Nothing was going to stop Mikel Hudson from becoming the first person in her family to go to college.
Higher education was her personal mission, she wrote in an essay to a local scholarship committee. If her financial aid did not cover the cost, she resolved to simply find a way to pay for it.
On Wednesday evening, Hudson was one of nine college-bound students who live in Richmond Redevelopment and Housing Authority-managed communities to be honored by the housing authority’s board of commissioners with a scholarship. Each student will receive $4,000 to support their pursuit of a college degree.
“I was overjoyed,” said Hudson, 18, recalling her reaction when she learned that she was selected for the honor. “I was just screaming.”
The scholarship ensures Hudson will be able to enroll this fall at Virginia Commonwealth University, where she plans to study business.
Along with Hudson, this year’s scholarship recipients are:
- Ailyah Blackshear, who will enroll at J. Sargeant Reynolds Community College;
- Nyla Cooper, Virginia Union University;
- Shytina Huey, J. Sargeant Reynolds;
- Devante Jackson, J. Sargeant Reynolds;
- Varchon Laws, Old Dominion University;
- Mekhi Lucas, Virginia Union;
- Shanaya Peck, who is undecided; and
- Dai’Quana Washington, Radford University.
Blackshear, who graduated from Armstrong High School, plans to seek a degree in computer engineering and pursue her passion for robotics. The honor holds special significance, she said.
“I want to make people proud,” Blackshear said. “I want others, people like me, to know that they can do it, too, just send a message out there and inspire others to do bigger things.”
In the past decade, 89 students from RRHA communities have been awarded the so-called Tomorrow’s Promise scholarships.

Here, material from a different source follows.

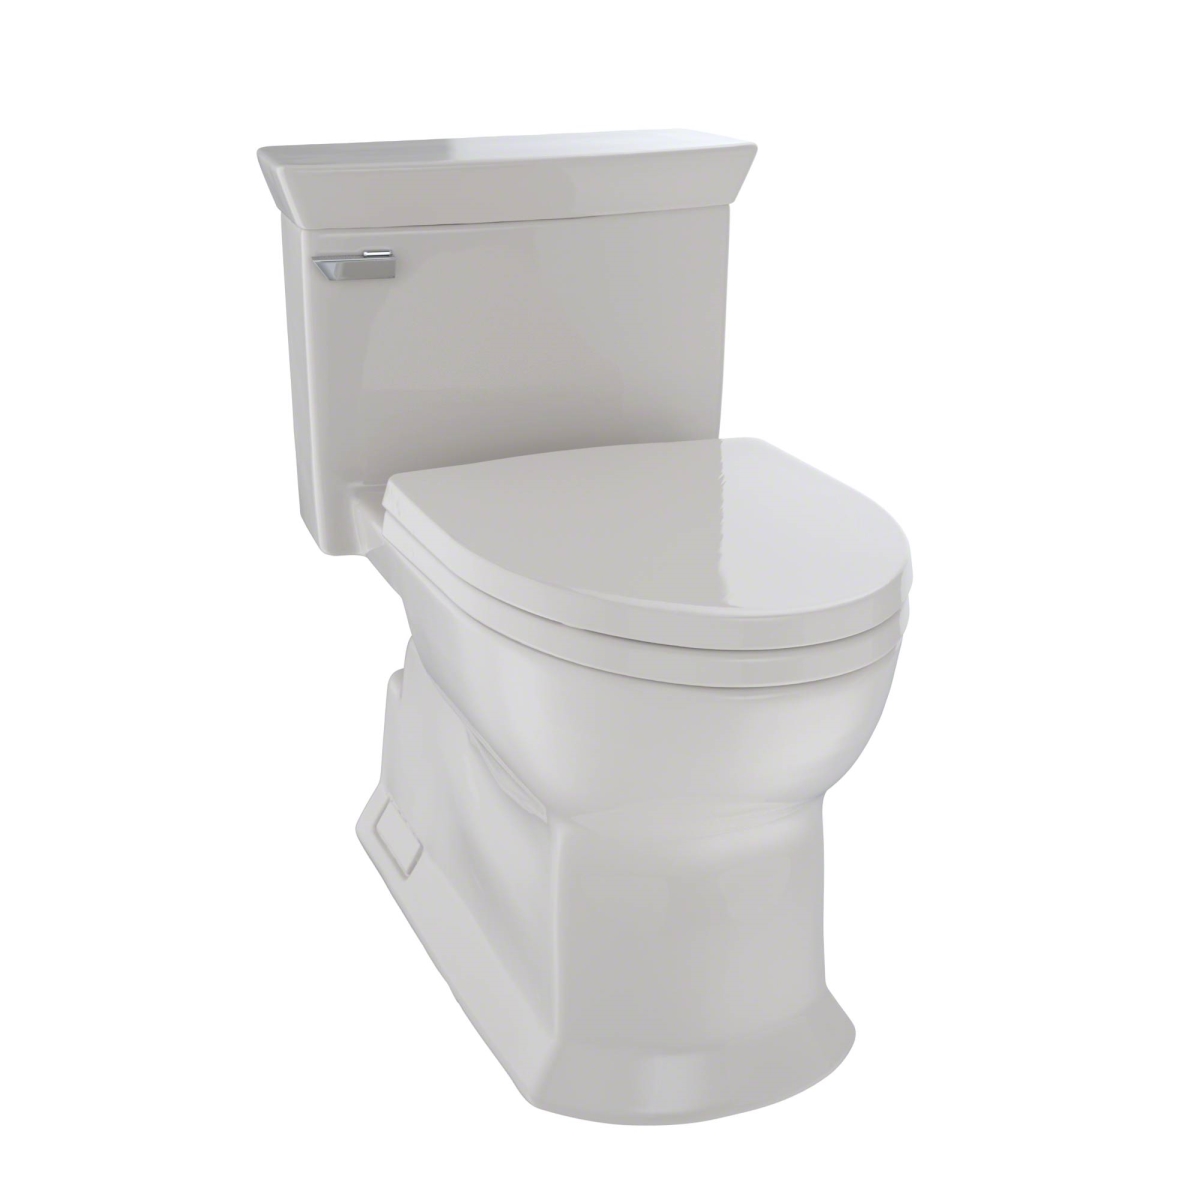 Ms964214cefg-12 Eco Soiree Elongated 1.28 Gpf Universal Height Skirted Toilet With Cefiontect, Sedona Beige

“RRHA’s 2021 college bound scholarship winners prove that environment does not define ability,” said Stacey Daniels-Fayson, RRHA’s interim CEO, in a news release. “We are proud to be a part of the ‘village’ that nurtures and celebrates the spirit, creativity and hard work of our students who have overcome great obstacles to achieve and thrive in a challenging environment.”
Hudson grew up in Whitcomb Court in the city’s East End. Her family moved to the smaller Randolph public housing community when she was a teenager.
When the COVID-19 pandemic hit, the hours she worked at Panera were cut from more than 40 a week to just 15. Her mother lost income when her work as an in-home caregiver dried up, so Hudson dipped into her savings — money she had set aside for a car — to help her family cover rent and pay bills.
At the same time, she was completing both an associate degree and high school diploma through Highland Springs High School’s Advanced College Academy, a partnership between Henrico County Public Schools and J. Sargeant Reynolds.
The program allowed her to pursue her interest in business and marketing, Hudson said. She’s spending this summer interning with the housing authority in its executive offices.
With the RRHA scholarship and another she earned, her remaining bill for her first semester is now less than $300 — a relief, she said. It will allow her to turn her attention to making the transition to college without loading up on extra shifts at work, she said. Now, all she has to do is count down the days until she moves into her new dorm.
Said Neil Kessler, chairman of RRHA’s board: “We couldn’t be prouder of these young men and women, and we wish them the best of luck and success going forward.”